Using simple rock physics models, we can predict mineralogy from measured elastic rock properties for the characterization of low porosity unconventional reservoirs. The differences between the predicted mineral fractions and mineral log data can be easily quantified. This gives us confidence that we can use these predictions for geological mapping and other studies.



We are most grateful to Shell for permission to publish the results of this work. Many of our colleagues at Shell gave us valuable feedback during the development of the workflow, and also kindly provided access to their well and seismic data. Permission to publish derivatives of the licenced seismic data courtesy of Pulse Canada and Seitel Canada Ltd.


About the Author(s)

Rob Holt is a former Shell Canada Senior Geophysicist. In his last Shell position, Rob was a member of the multidisciplinary Technology Excellence and Deployment team. Rob worked with the Duvernay, Montney and Vaca Muerta asset teams, adapting external workflows to develop a new quantitative reservoir characterization workflow for low porosity unconventional reservoirs that integrated geology, geophysics, rock physics, QI, petrophysics, microseismic, geomechanics and completions data.
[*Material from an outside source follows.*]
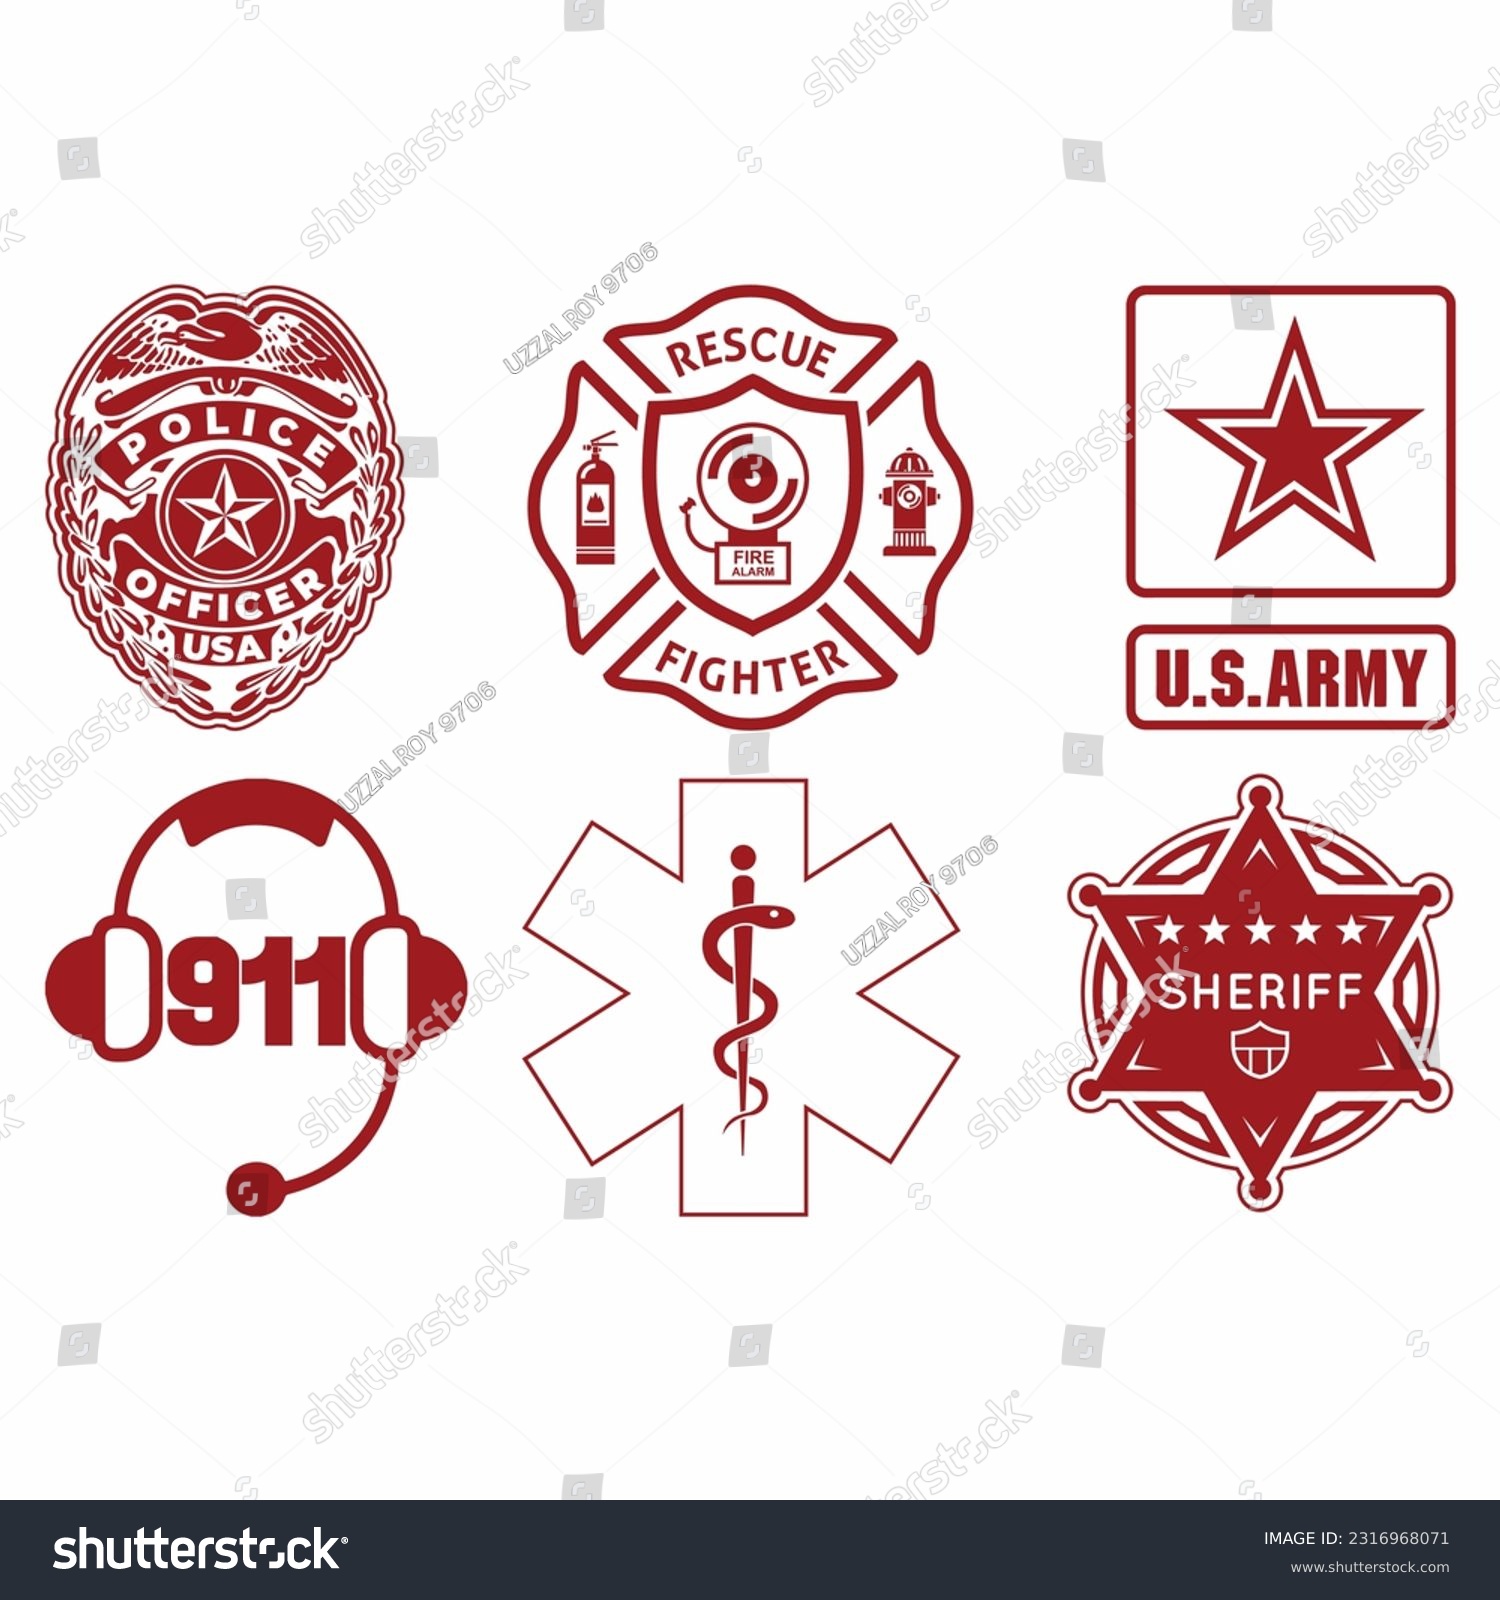 SVG of First Responders Hero Flag Nurse EMS Police Fire Military corrections dispatch Editable T shirt Design svg
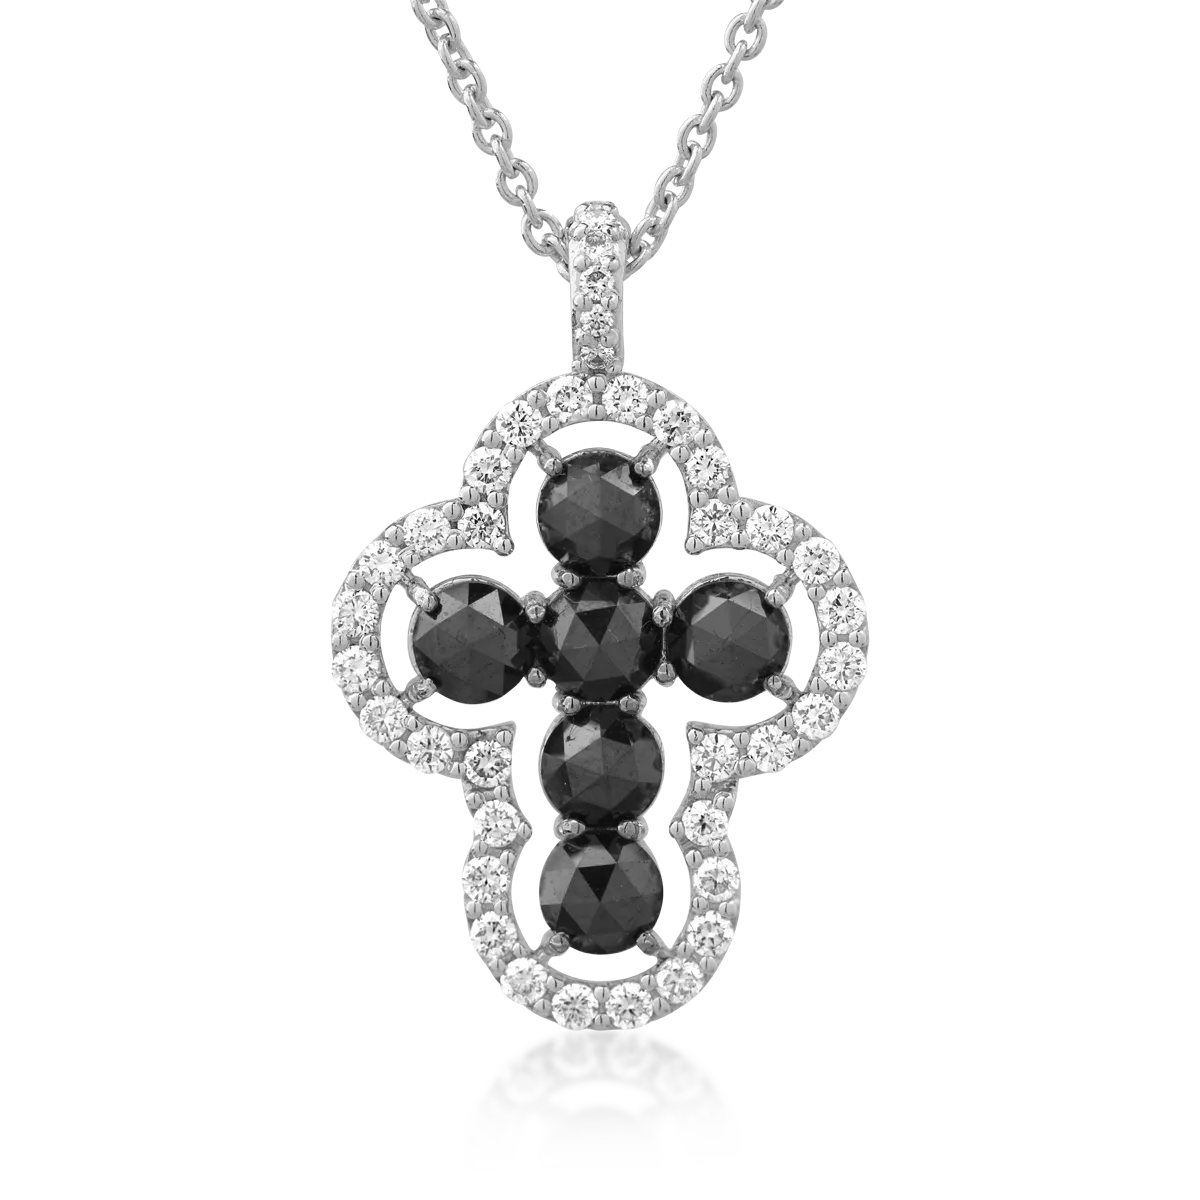 18K white gold cross pendant necklace with 0.88 black diamonds and 0.33ct clear diamonds

Rob was also the author and presenter of Shell’s 2 day ‘Geophysics for Unconventional Plays’ training course, which covered subsurface characterization, sweetspotting and monitoring technologies. Rob is currently looking for his next senior technical or leadership position.

Bill Westwood is currently enjoying retirement. Prior Shell management roles were Subsurface Integrity Advisor, focused on development of best practices for management of induced seismicity from Hydraulic Fracturing; Upstream Americas Technology Excellence and Deployment, with responsibility for technology deployment to Shell’s Global Unconventional’s assets; Upstream Americas Technical Services, focused on Geophysical Technology Deployment and QI for Heavy Oil, Unconventional’s and Deepwater; Shell Canada Geophysics; Shell Canada Deep Basin well planning; Shell Canada Upstream IT; and Shell Canada Geophysical Operations. Prior to joining Shell, Bill worked for both Western Geophysical and Veritas Seismic. Bill holds a Bachelor’s degree in Engineering Physics from the University of British Columbia, and is registered as a Professional Geophysicist with the Province of Alberta. Bill lives in Calgary, Alberta, Canada and is married with two children.